◆ Information supplied
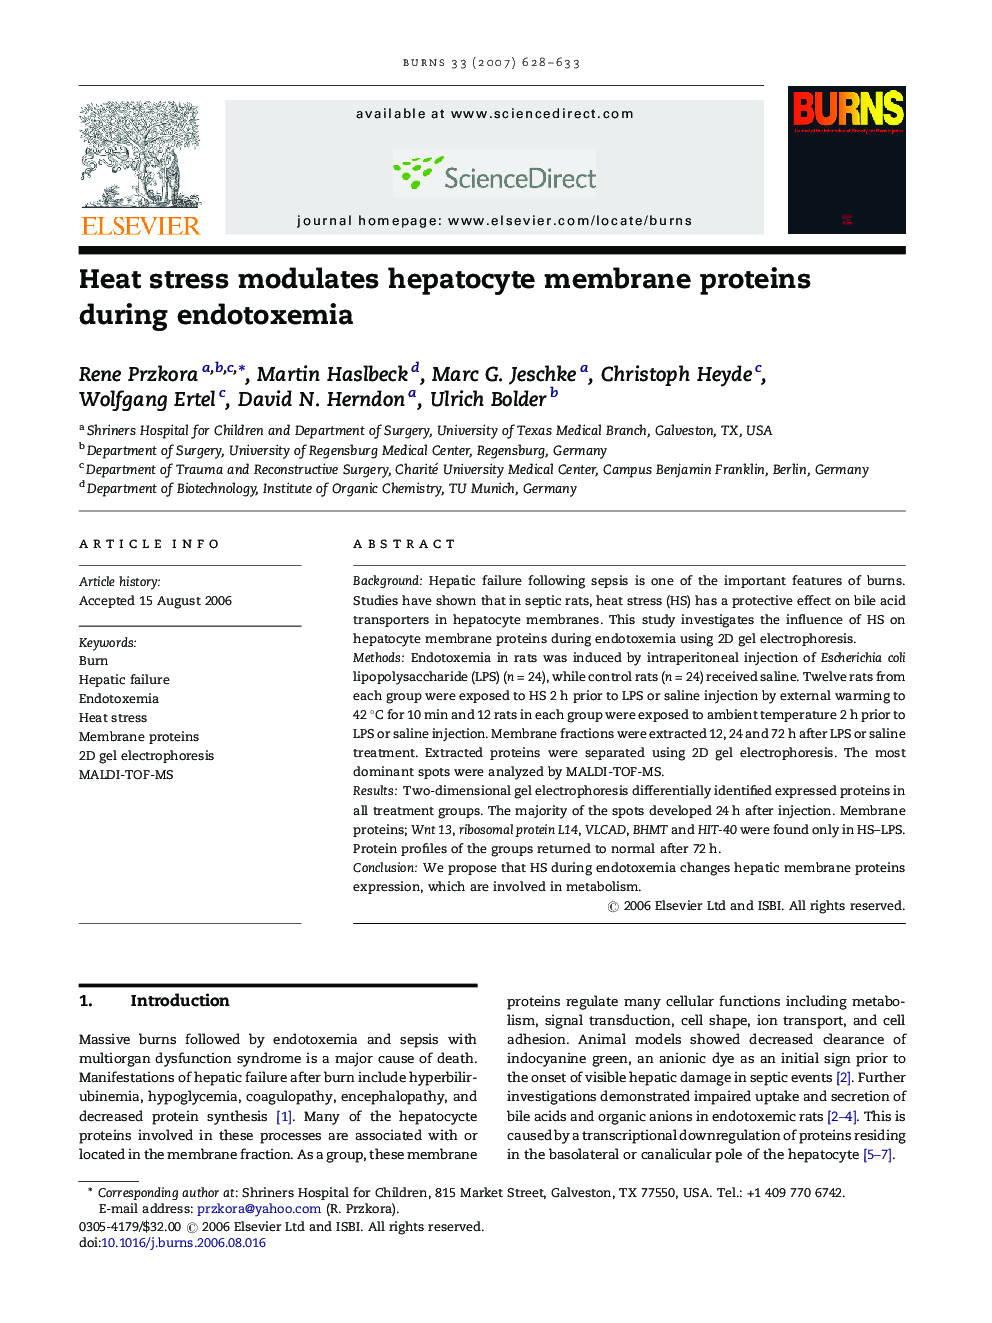 Heat stress modulates hepatocyte membrane proteins during endotoxemia
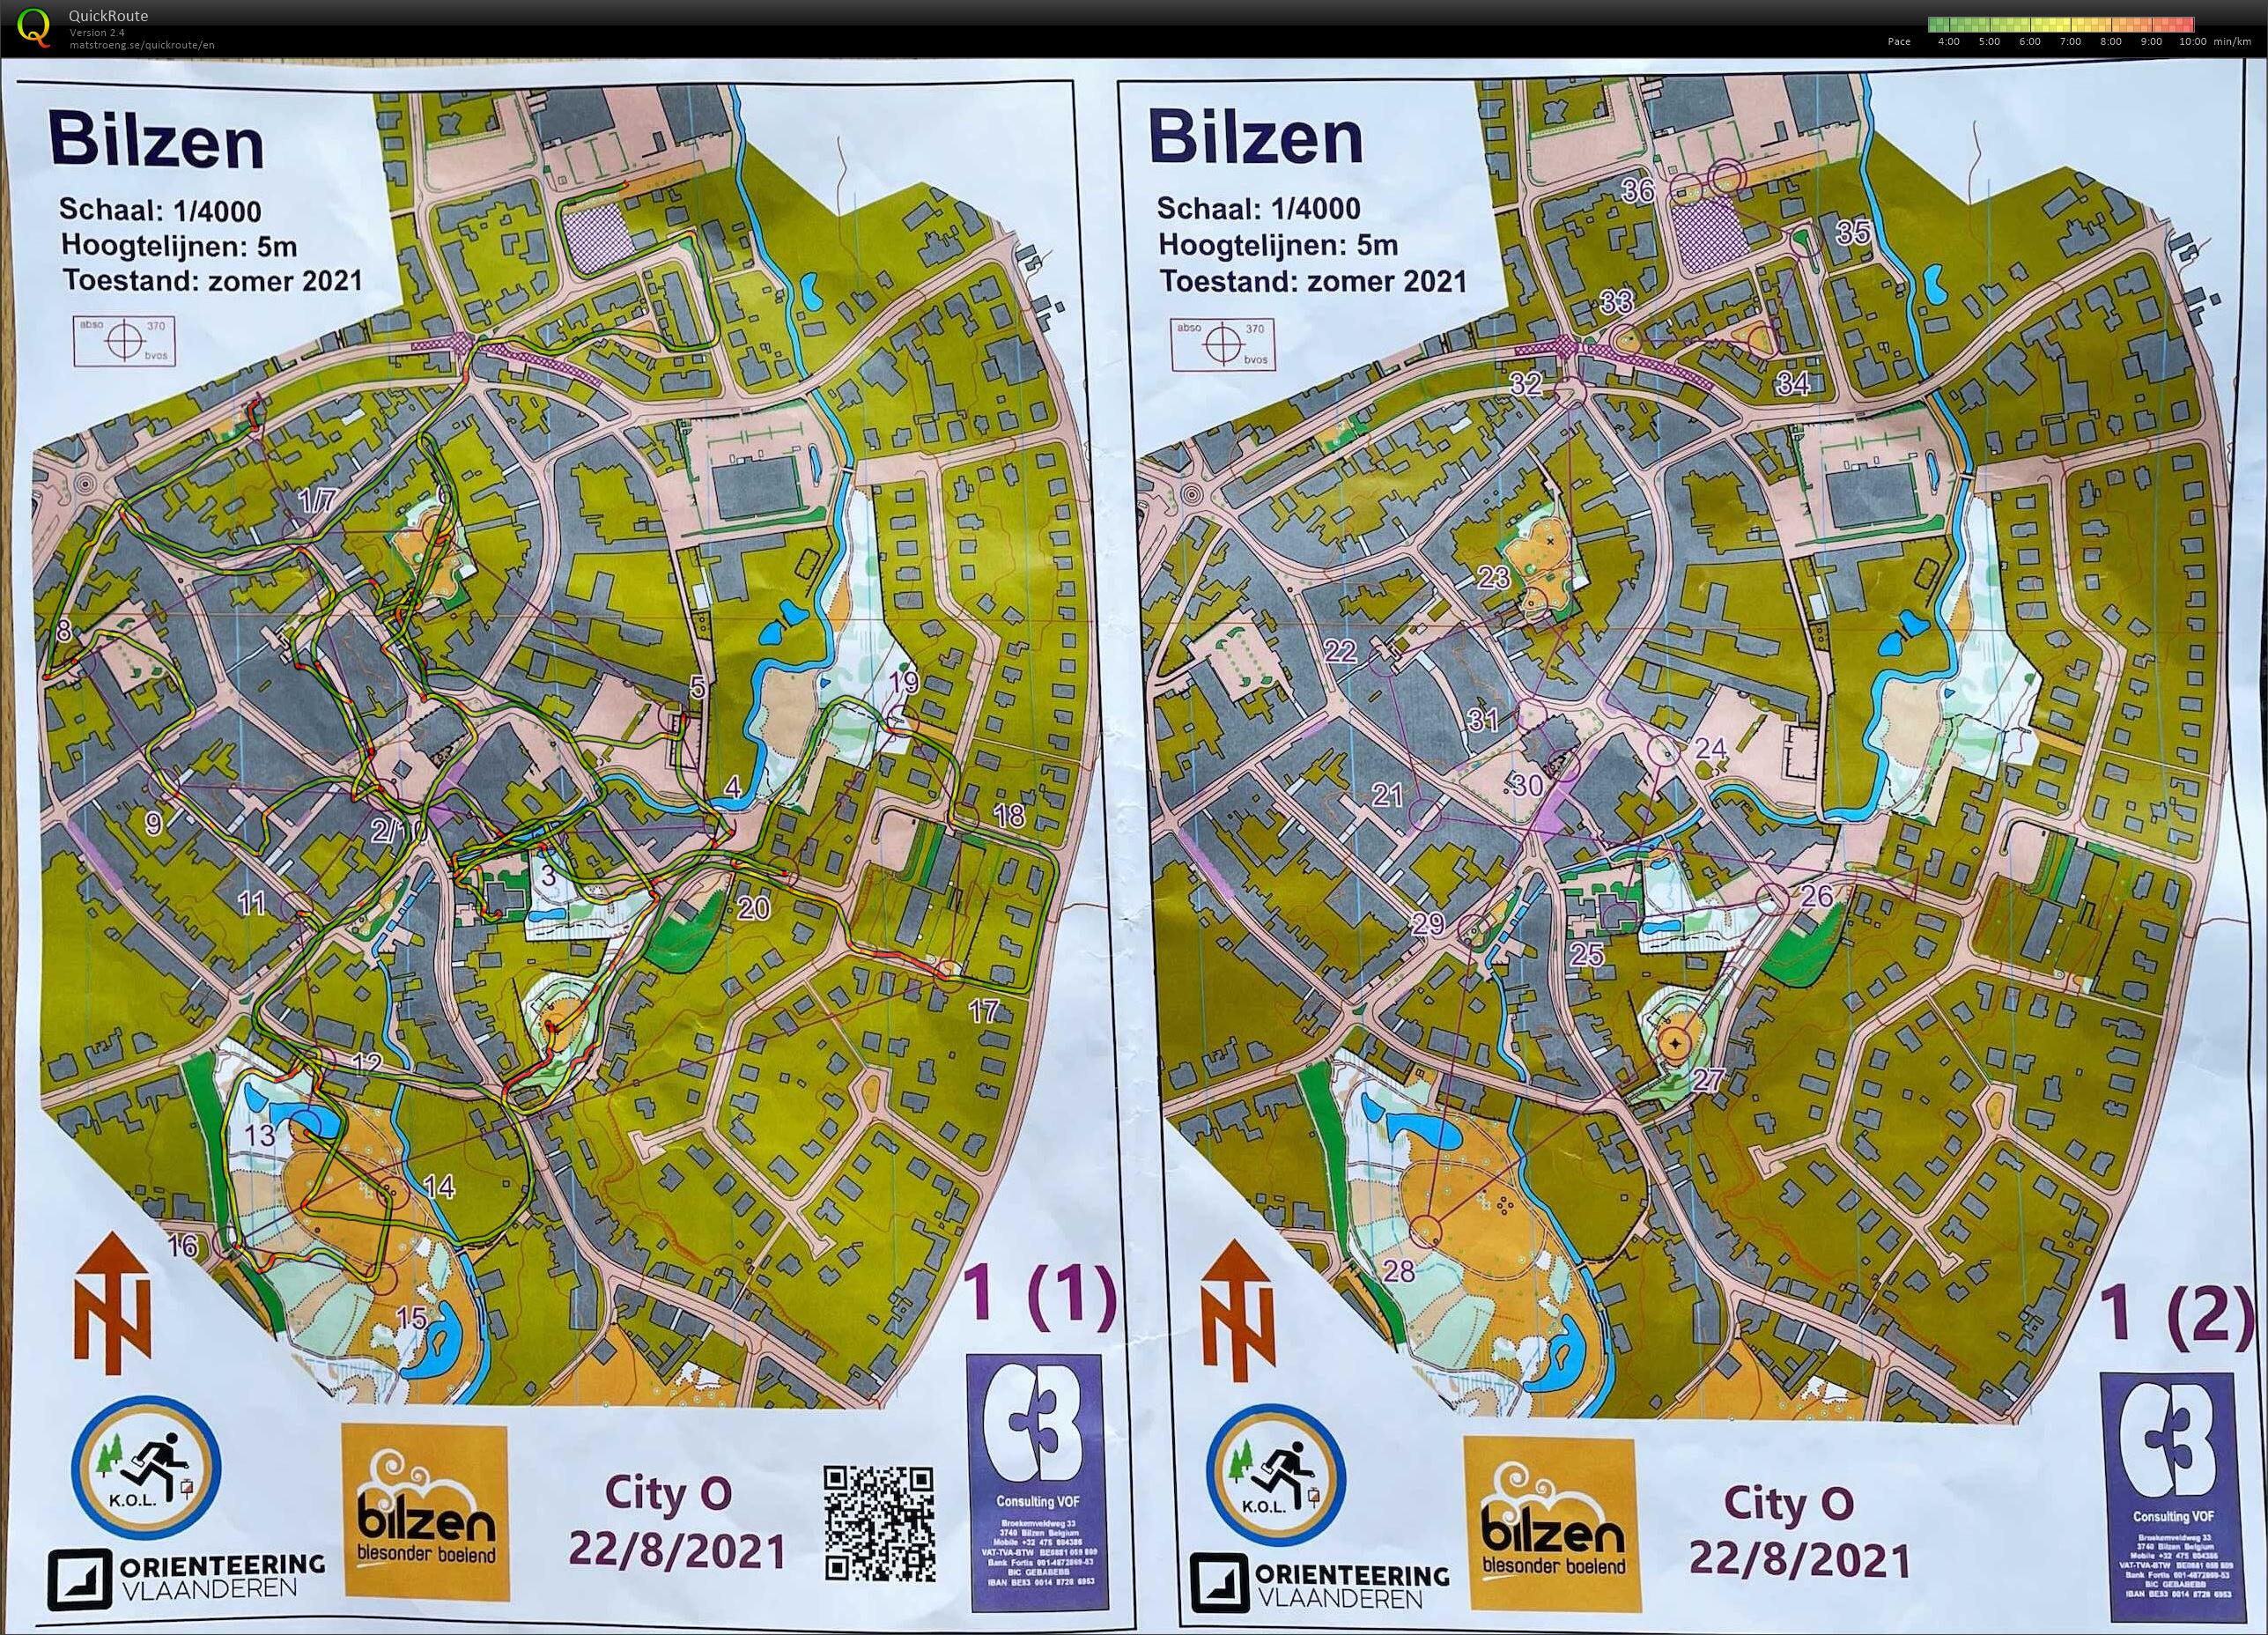 City-O Bilzen (2021-08-22)
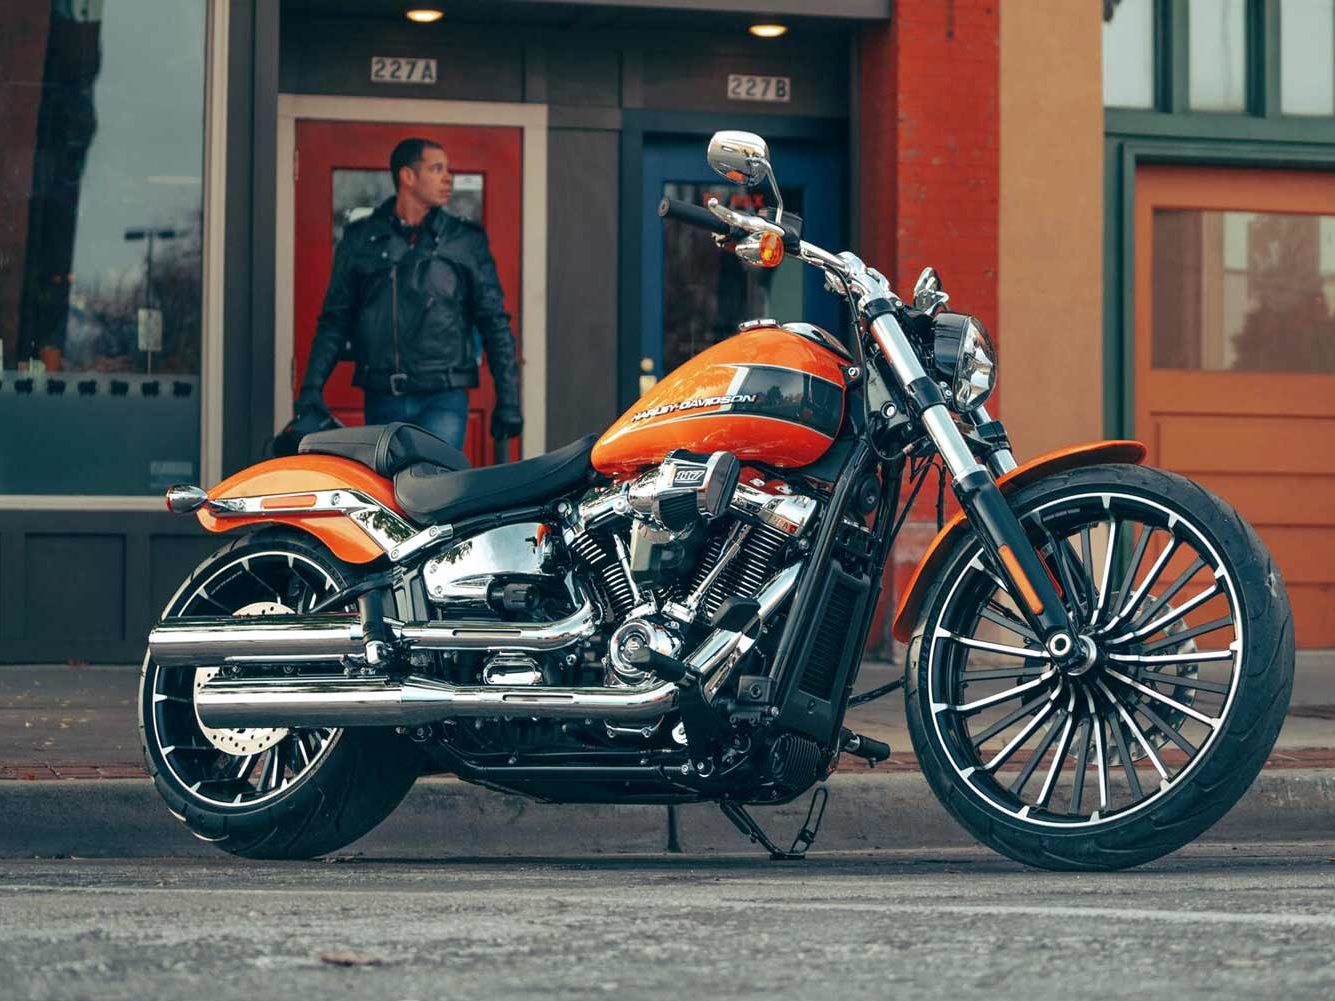 Harley Davidson Different Models
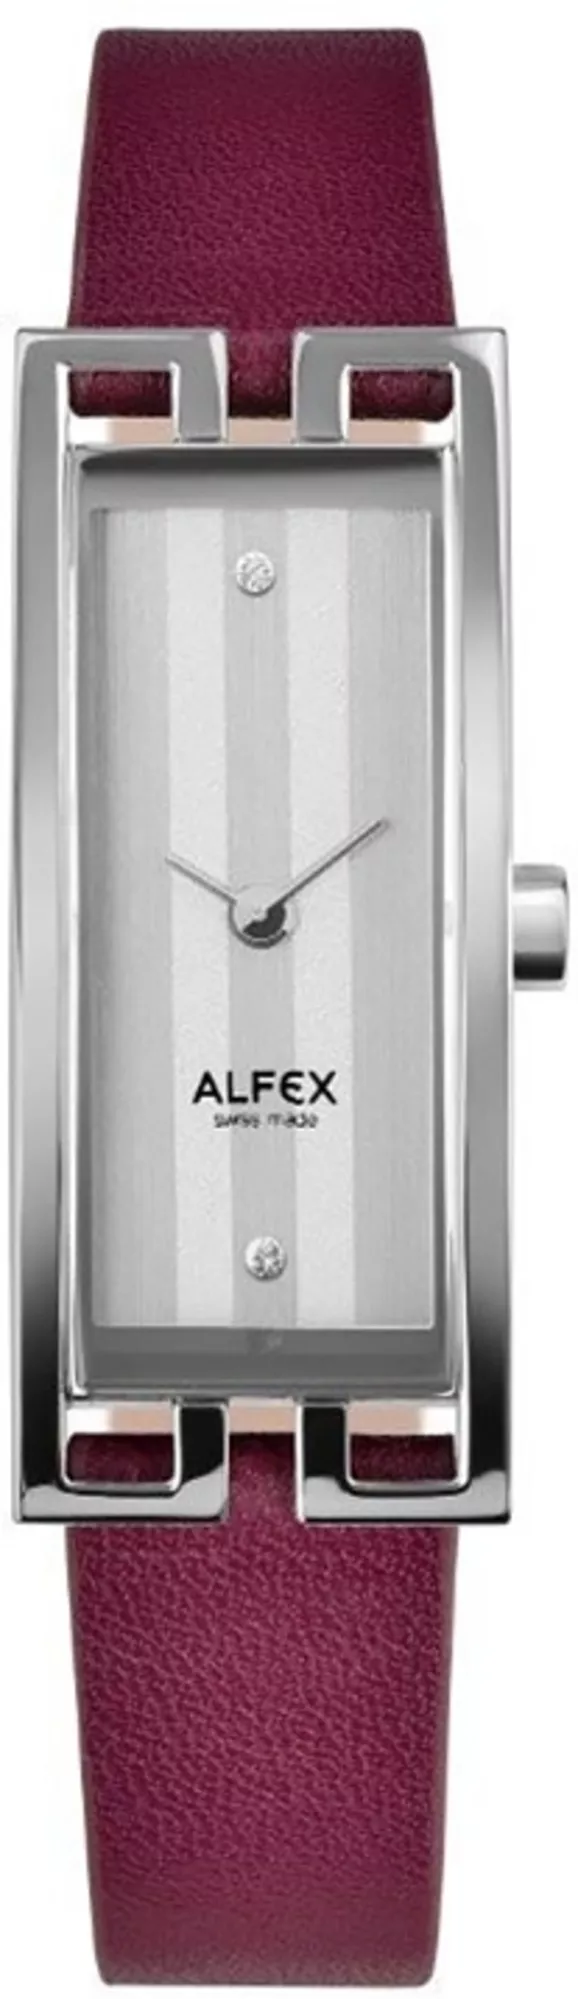 Часы Alfex 5662/2157

◆ The task
In the copy, no pictures are to appear; write out exactly the lines from the one containing "City-O Bilzen (2021-08-22)" through the end of the listing above and no further lines.

◆ The answer
 City-O Bilzen (2021-08-22)
 Harley Davidson Different Models
 Часы Alfex 5662/2157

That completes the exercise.